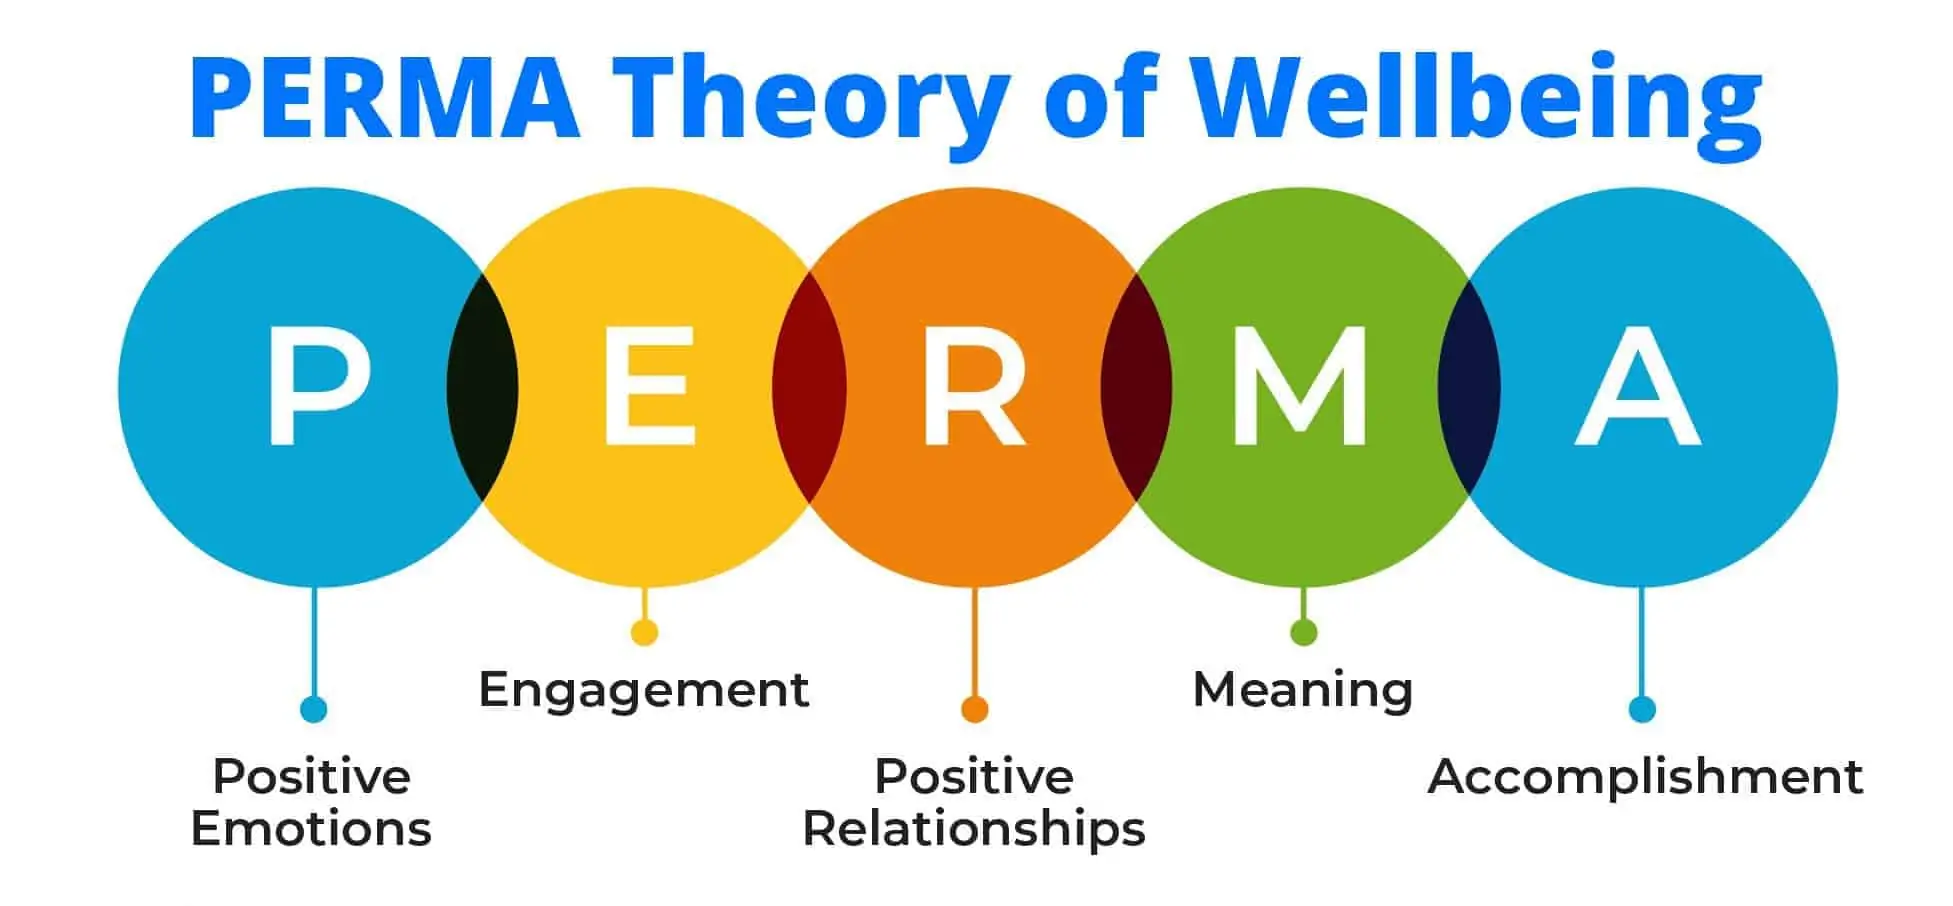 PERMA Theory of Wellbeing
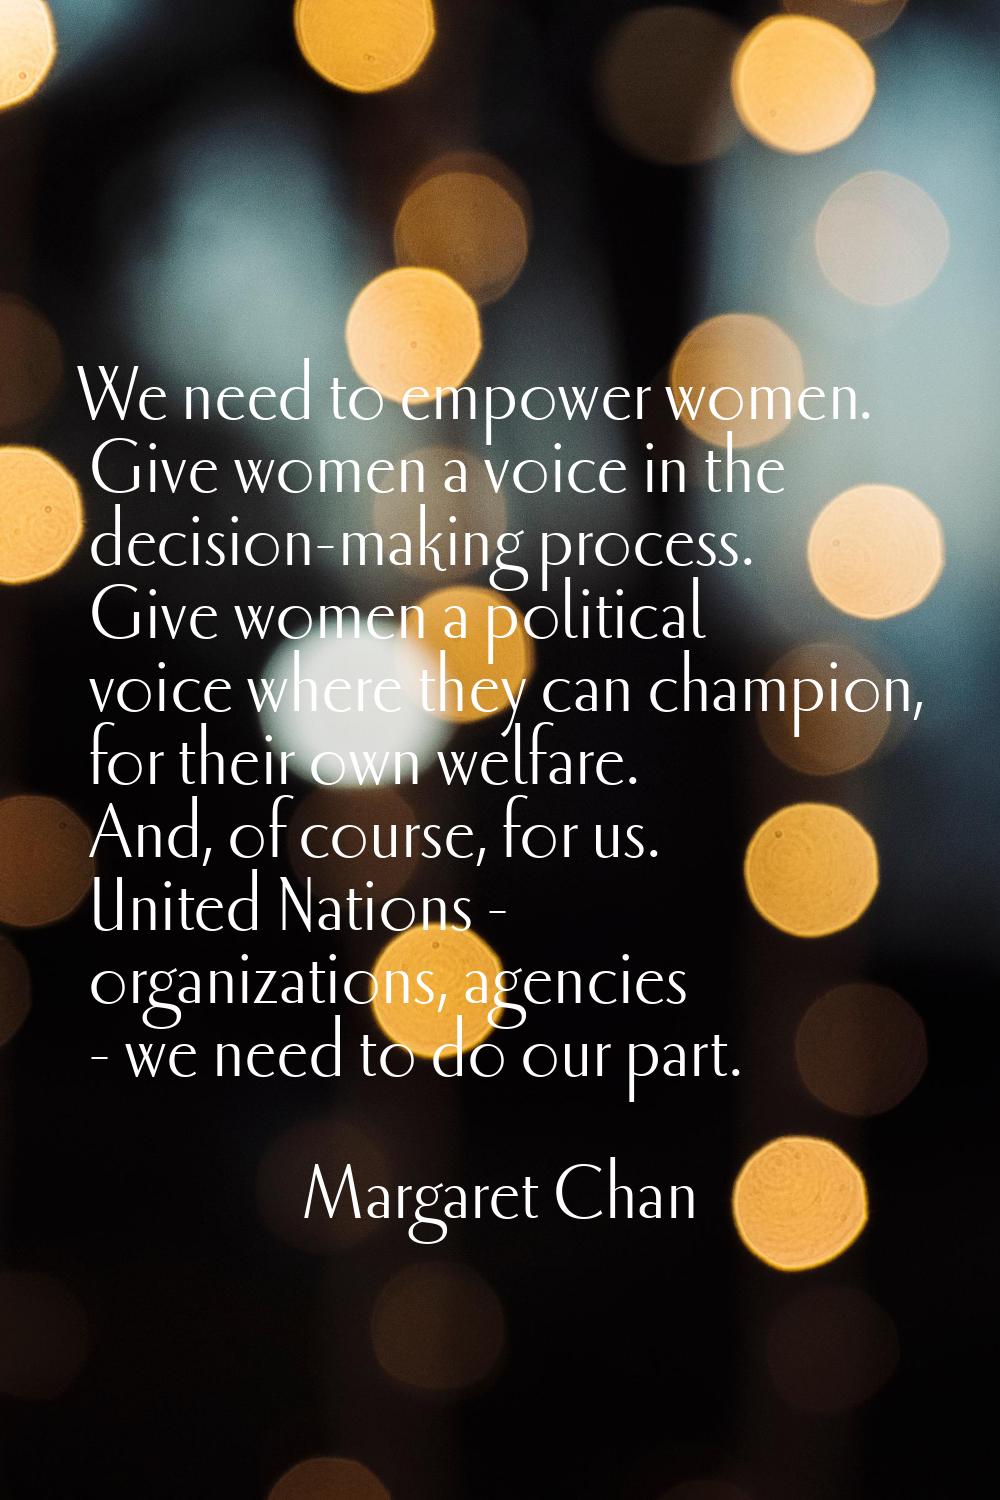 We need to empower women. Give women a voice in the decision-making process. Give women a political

_ _ _ _ _

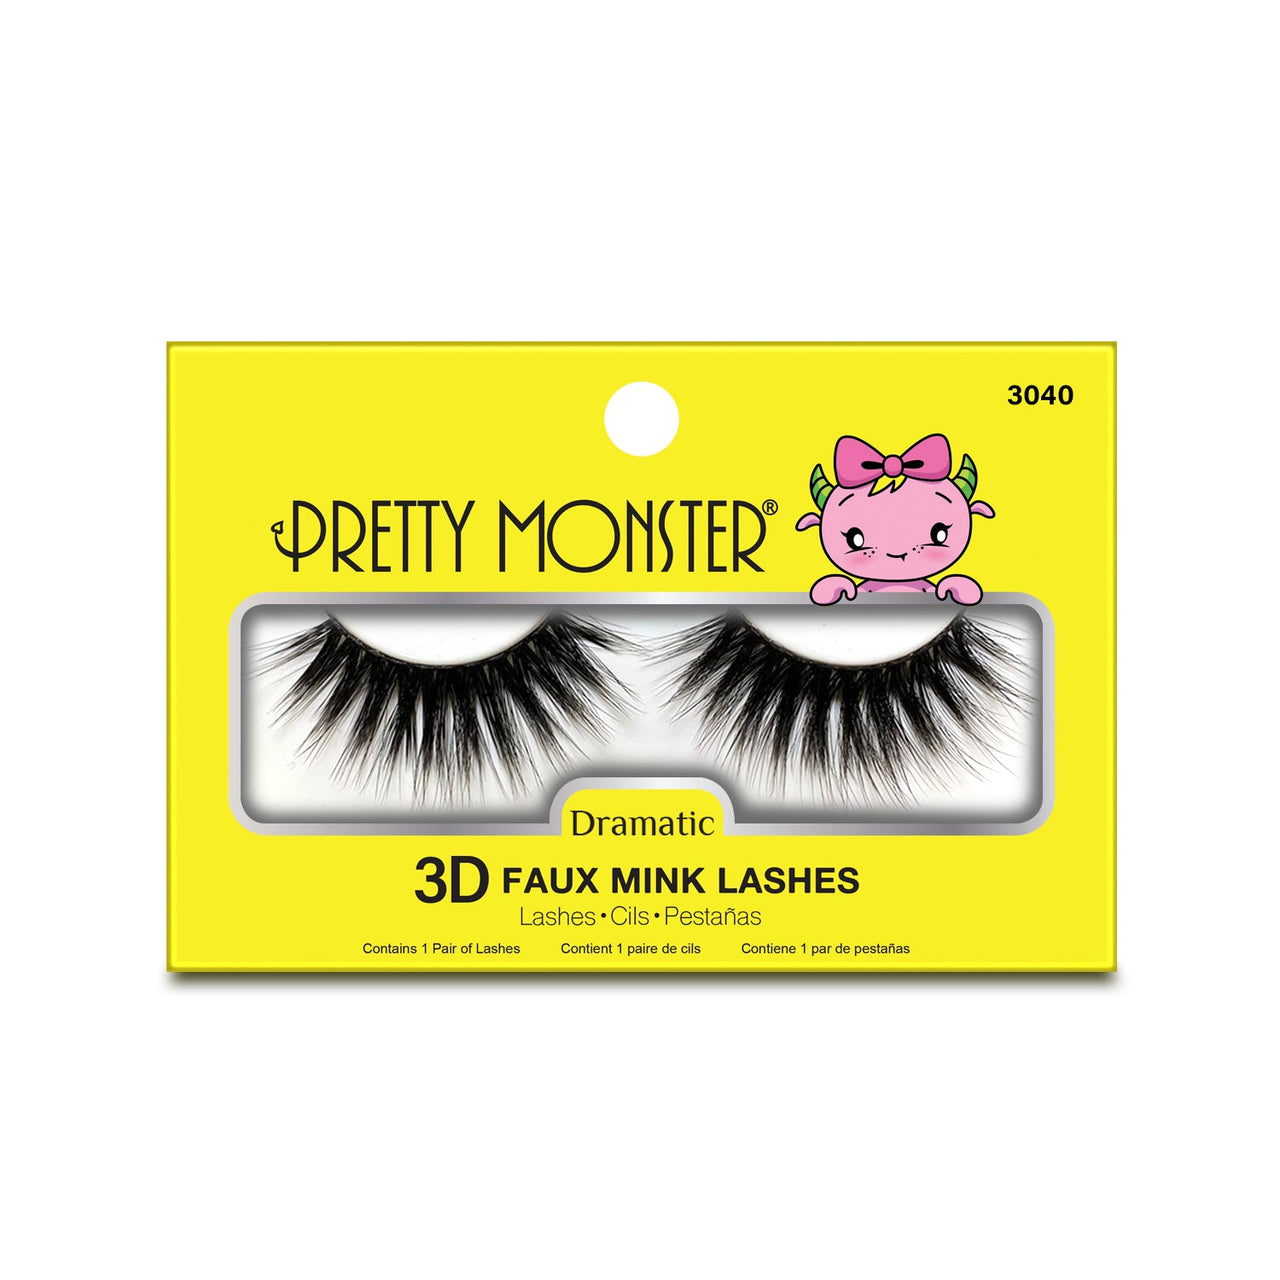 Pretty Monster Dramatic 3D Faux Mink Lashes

_ _ _ _ _

WHAT THE TASK REQUIRES — After locating the line containing "PERMA Theory of Wellbeing" in the entries above, return it and every line after it exactly, ending at the line containing "We need to empower", without pictures.

RESULT OF THIS EXERCISE —
 PERMA Theory of Wellbeing
 We need to empower women. Give women a voice in the decision-making process. Give women a political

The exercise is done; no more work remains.